そしてこの論理を敷衍すれば、いかなる精神疾患についても、仮に「脳の機能が標準から一定以上に逸脱している」ことをもって病気とするのであれば、単なる性格の偏りとの違いを示すことは不可能になります。この考え方をつきつめて行くと、「精神疾患なるものは存在しない」という反精神医学の思想にたどり着くことになります。
しかしこのような考え方はいかにも抽象論であって、現実に「精神疾患」とされている生のケースを目の当たりにすれば(精神科Q&Aの多くのケースをご覧ください)、「精神疾患なるものは存在しない」は空論と言わざるを得ません。とは言うものの、たとえ抽象論であっても理論は理論として尊重すべき点はあるのであって、この【3458】のケースのように、症状が反社会的行為(犯罪)に直結したとき、この問題が露呈することになります。

それで主人にも今回はかなり強く精神科医に連れて行くように言ったのですがそんな病気があるわけがないといって取り合ってくれないんです。

この2行は精神の病を取り巻く上記の問題を象徴するものと言えます。すなわち、【3458】のケースが病気であるとする質問者の直感は、医学生物学的には正しいです。他方、「そんな病気があるわけがない」とするご主人の直感は、社会常識的には正しいです。犯罪者を一律病気であるとみなしていたら、社会は成立しないでしょう。

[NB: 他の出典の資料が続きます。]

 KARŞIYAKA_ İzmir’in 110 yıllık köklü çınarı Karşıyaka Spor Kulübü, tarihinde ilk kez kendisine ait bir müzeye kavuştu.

でも私には「気が付いたら盗撮していた」みたいな状況じゃないかとしか思えないんです。

その通りかもしれません。そしてそれは、彼の行為が病気によるものであるとする根拠になるかもしれません。けれども現実には、多くの犯罪者が同じような弁解をするものです。彼の状況はそれとは違うかもしれませんが、それは主観の中での違いにすぎない以上、本人以外にはわかりません(厳密には本人にもわかりません)。すると 「気が付いたら盗撮していた」みたいな状況 であるといくら主張しても、「それは他の犯罪者とどこが違うのか?」と問われたとき、説得力ある説明をすることはほぼ不可能でしょう。そしてさらに重要な点は、たとえ他の犯罪者とは違うとしても、被害者にとっては何の違いもなく、被害を受けたという事実は同じだということです。

主人の弟の行動は特にお酒を飲んだ後に起こすことが多いのですが、しらふの時もあります。

そうしますと、現実問題としては、「酒は決して飲まない」が彼のすべき重要なことの一つということになるでしょう。しらふのときに性犯罪をしてしまった時に、「再犯しないための努力として、断酒していた」が有効な弁解として認められるかどうかはわかりませんが、逆に酒を飲んでいるときに再犯した場合、これまでの犯行が飲酒時に多かったことがわかっているのに飲酒したとなれば、病気である・ないにかかわらず、弁解の余地はないということになるでしょう。